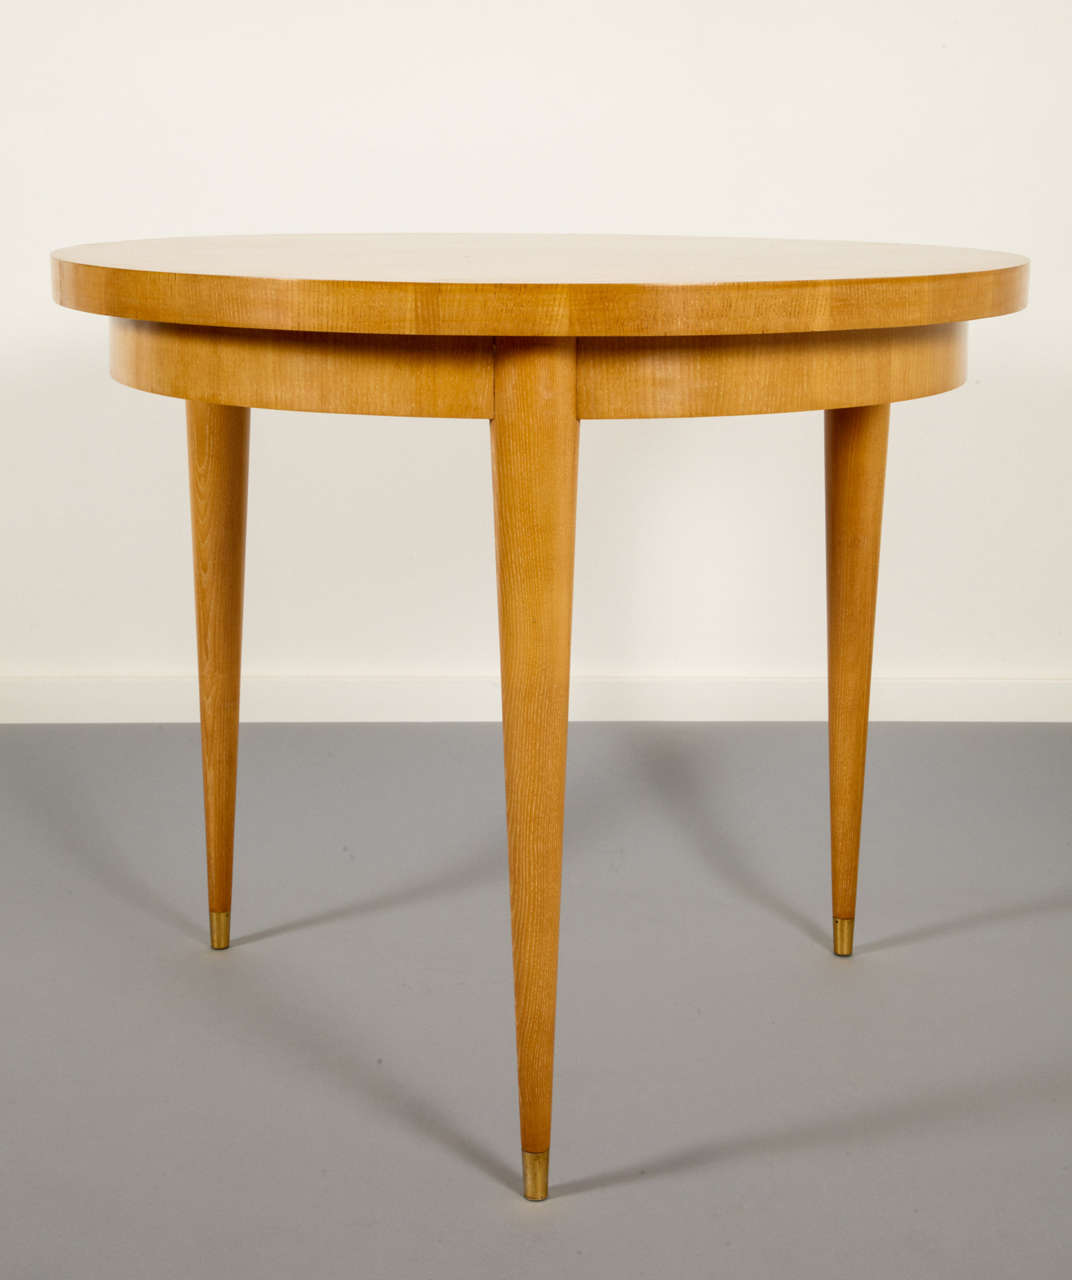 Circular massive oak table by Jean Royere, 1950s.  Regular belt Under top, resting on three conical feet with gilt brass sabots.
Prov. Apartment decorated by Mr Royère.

- - - -

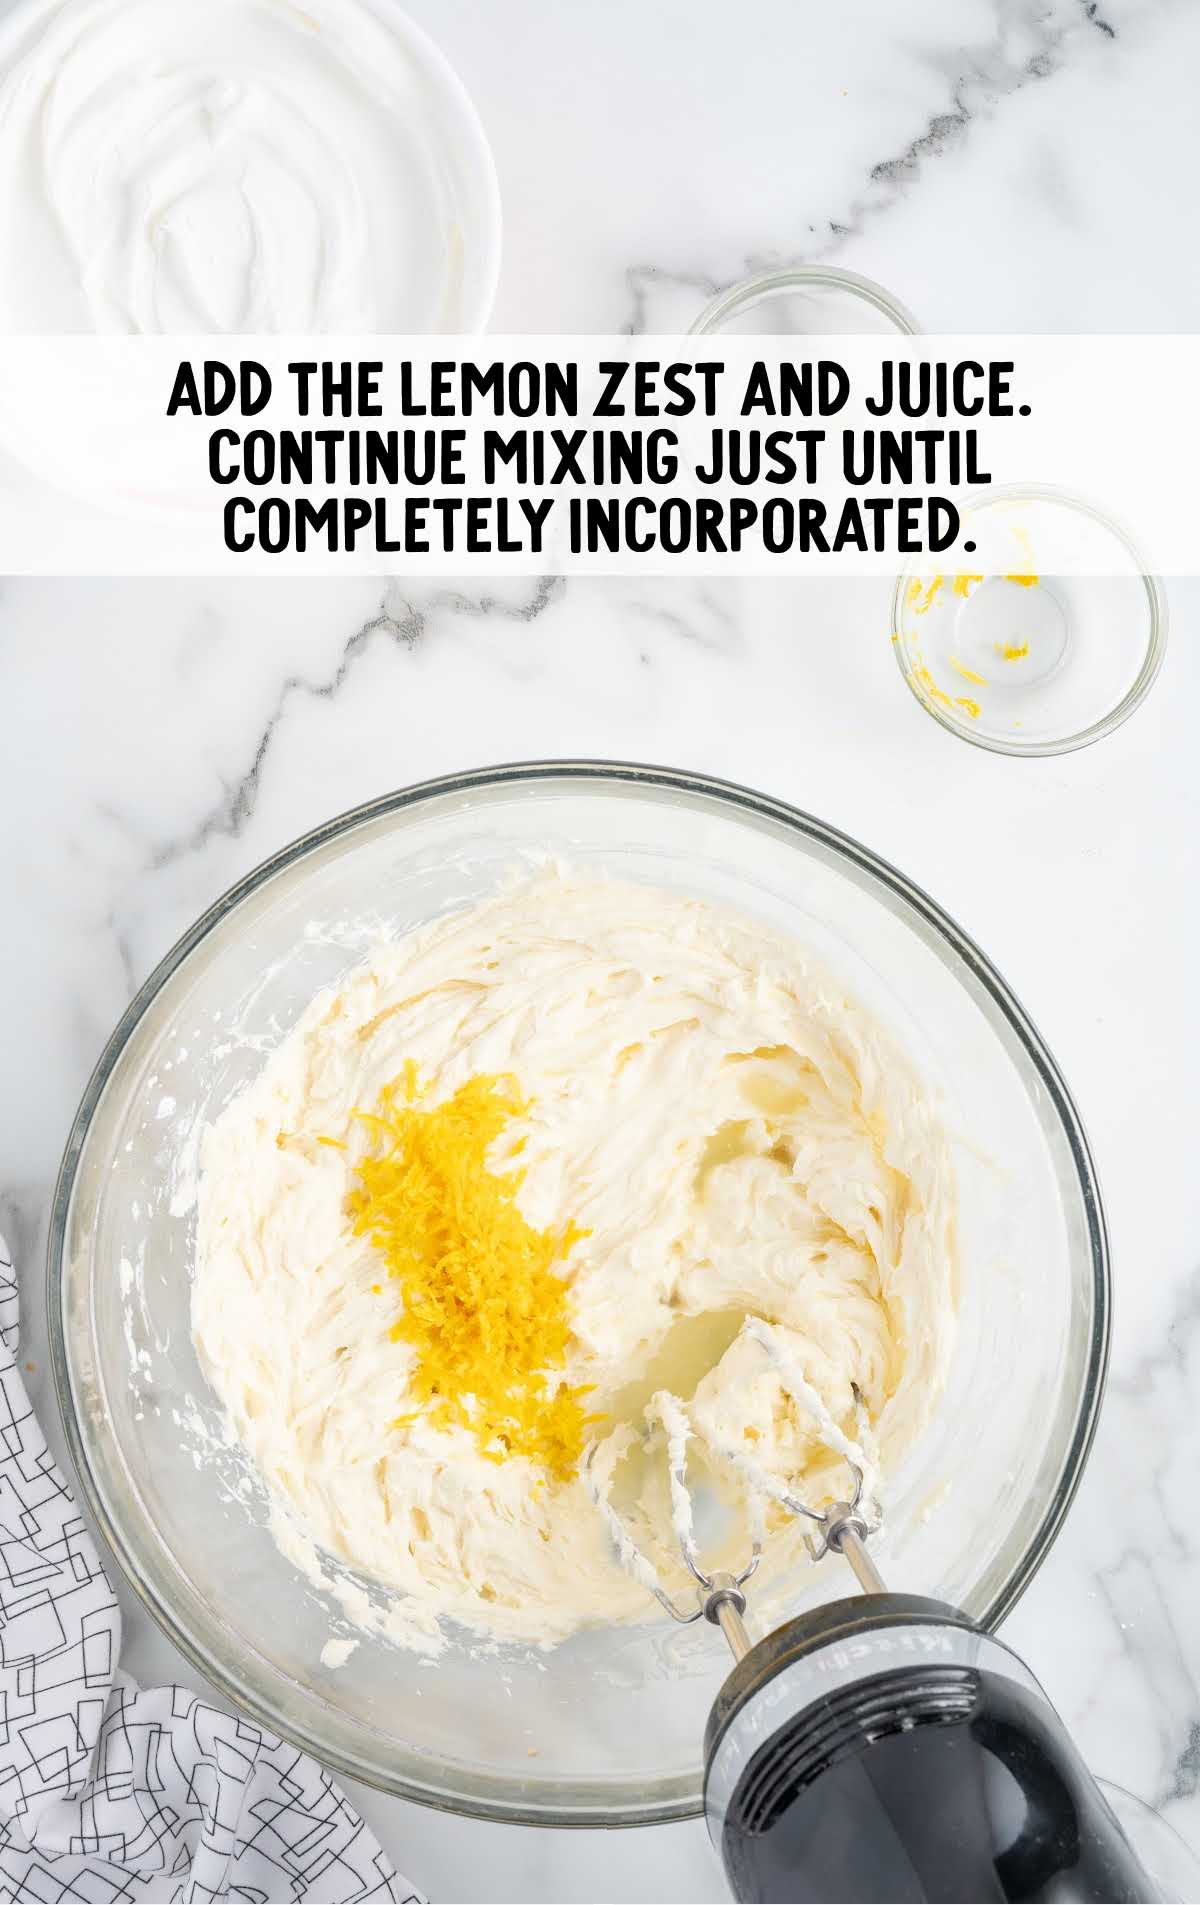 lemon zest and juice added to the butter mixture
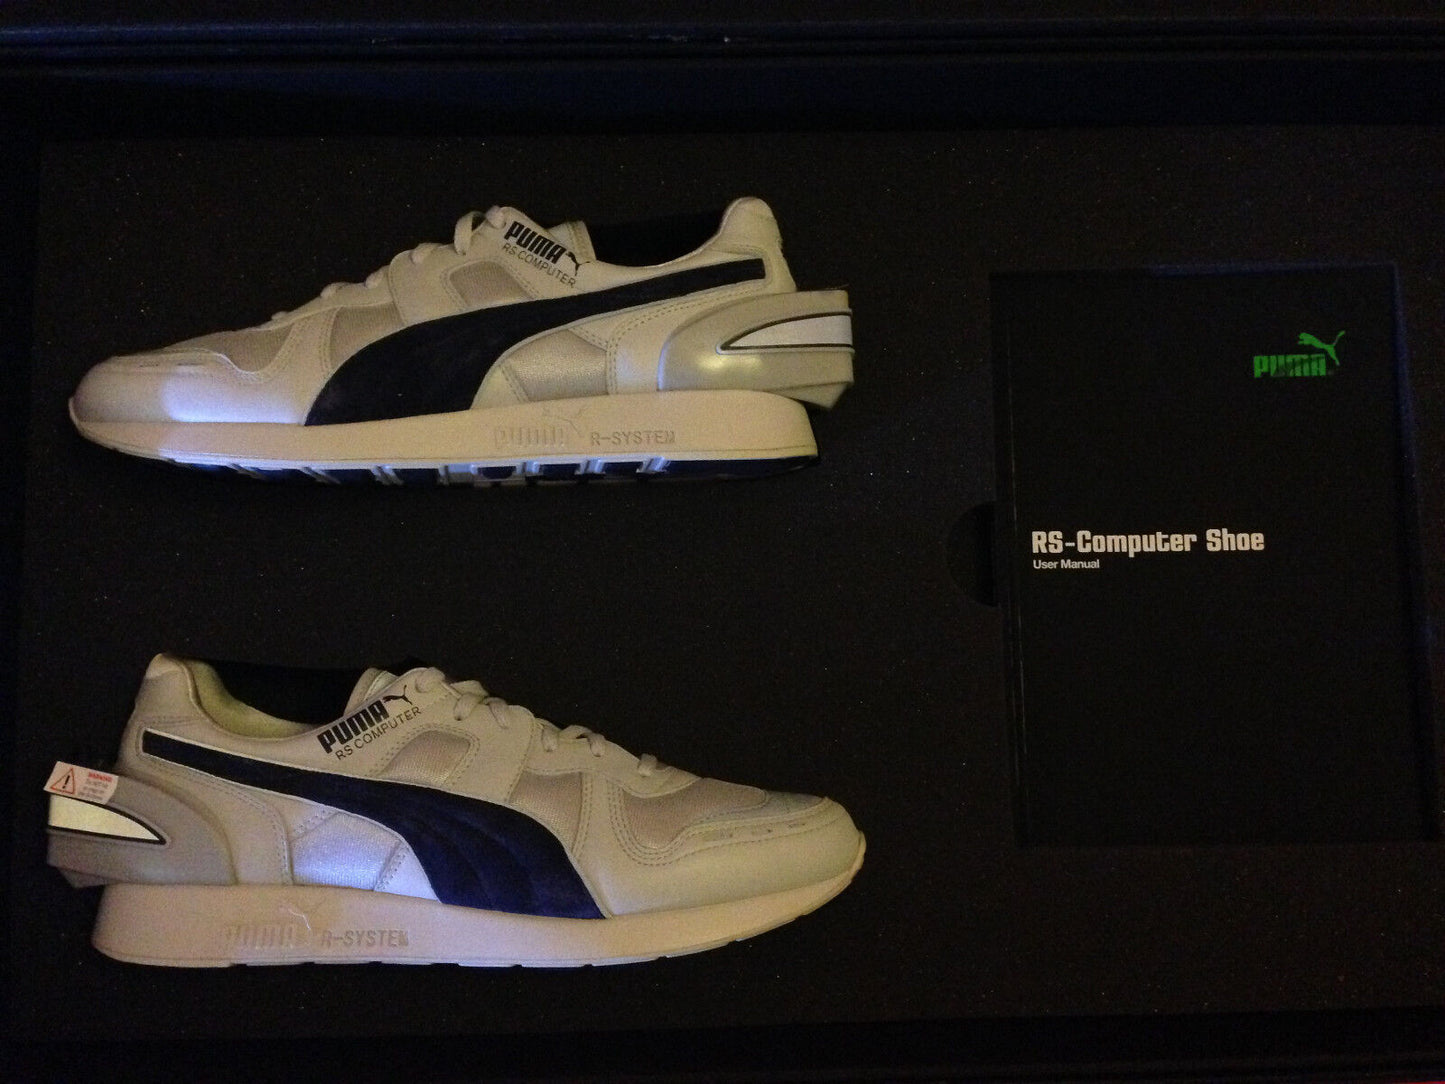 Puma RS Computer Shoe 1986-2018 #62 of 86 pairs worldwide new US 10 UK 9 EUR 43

- - - -

• [Task brief]:
Beginning with the line that contains "lemon zest and", write out the lines of the material above exactly, and end with the line that contains "Puma RS Computer". Omit the pictures.

• [Response to this task]:
 lemon zest and juice added to the butter mixture
 Puma RS Computer Shoe 1986-2018 #62 of 86 pairs worldwide new US 10 UK 9 EUR 43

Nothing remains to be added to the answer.